TikTok’s once sunny financial forecast has turned grim.

The experiment continues, but the results are already fairly conclusive: exposure, especially prolonged exposure, to social media is bad for your health. Even Instagram’s own internal data, leaked by whistleblowers, reaffirms this. Paternalistic paranoia around TikTok isn’t misplaced, especially as the number of hours users spend on the platform only increases—but outrage has not yet sustained itself to counteract the platform’s growth.

For our fearless leaders on either side of the aisle, the most pressing threat of TikTok lies elsewhere. In 2019, Republican senator Marco Rubio helped spark a bipartisan outrage over the purported risk the Chinese-owned app posed not to the mental health of its users but to national security. Then president Donald Trump happily seized upon and escalated Rubio’s rhetoric, repeatedly threatening to outright ban the app, but he never followed through. President Biden, though previously noncommittal, now sees the home of Addison Rae and cottagecore as a key battleground in the existential war against Chinese supremacy.

In February, the federal government required all its employees to delete the app from government-issued phones. The Justice Department then announced it was investigating Bytedance over concerns it’s been using TikTok to spy on American journalists, security concerns that lawmakers of both parties echoed when they grilled TikTok’s CEO, Shou Chew, for nearly five hours late last month.
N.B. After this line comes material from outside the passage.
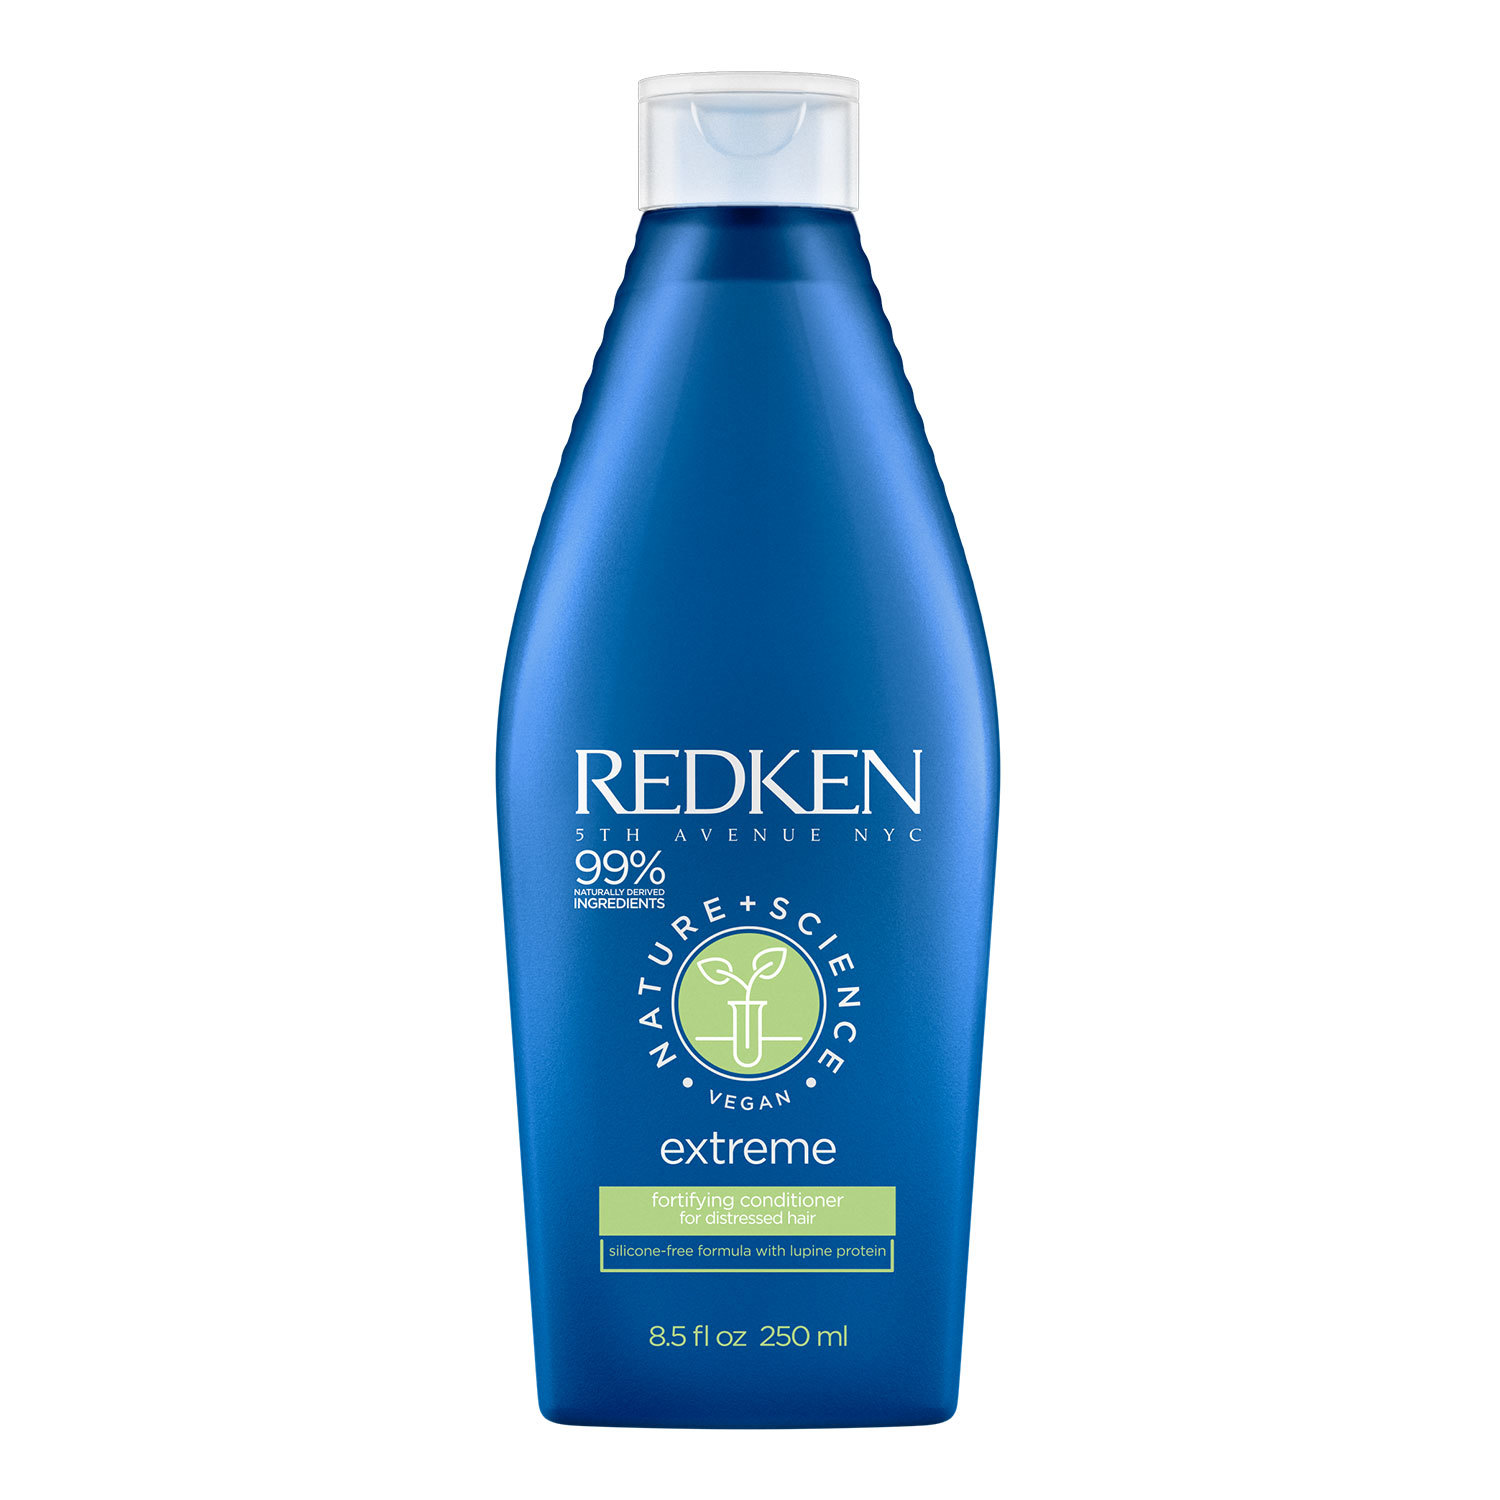 Retina eaff70288e26f738d87f 7ab057db8a4ab568b655 redken 2018 nature science extreme retail conditioner na rgb

The Biden administration is now clamoring for TikTok to be sold—or else face a complete ban, something Americans support by more than two-to-one, according to a recent poll from Pew.

TikTok, however, may not need the push. The platform’s once sunny financial forecast has turned grim. Despite its ubiquity, the Wall Street Journal reported that TikTok’s parent company, Bytedance, lost $7 billion in 2021. Then late last year, the Financial Times reported that TikTok was on track to miss its 2022 revenue targets by $2 billion, a trend echoed by both its antecedents Snapchat and YouTube in their public Q4 2022 filings. The drop in revenue was, in part, the consequence of plummeting ad spending amid concerns of a recession, and while spending may be on the rebound, amid the broader tech downturn, the truth becomes clear: Bytedance and its competitors are nothing more than the latest merchants of distraction, biding their time before boredom settles in and the crowd moves on.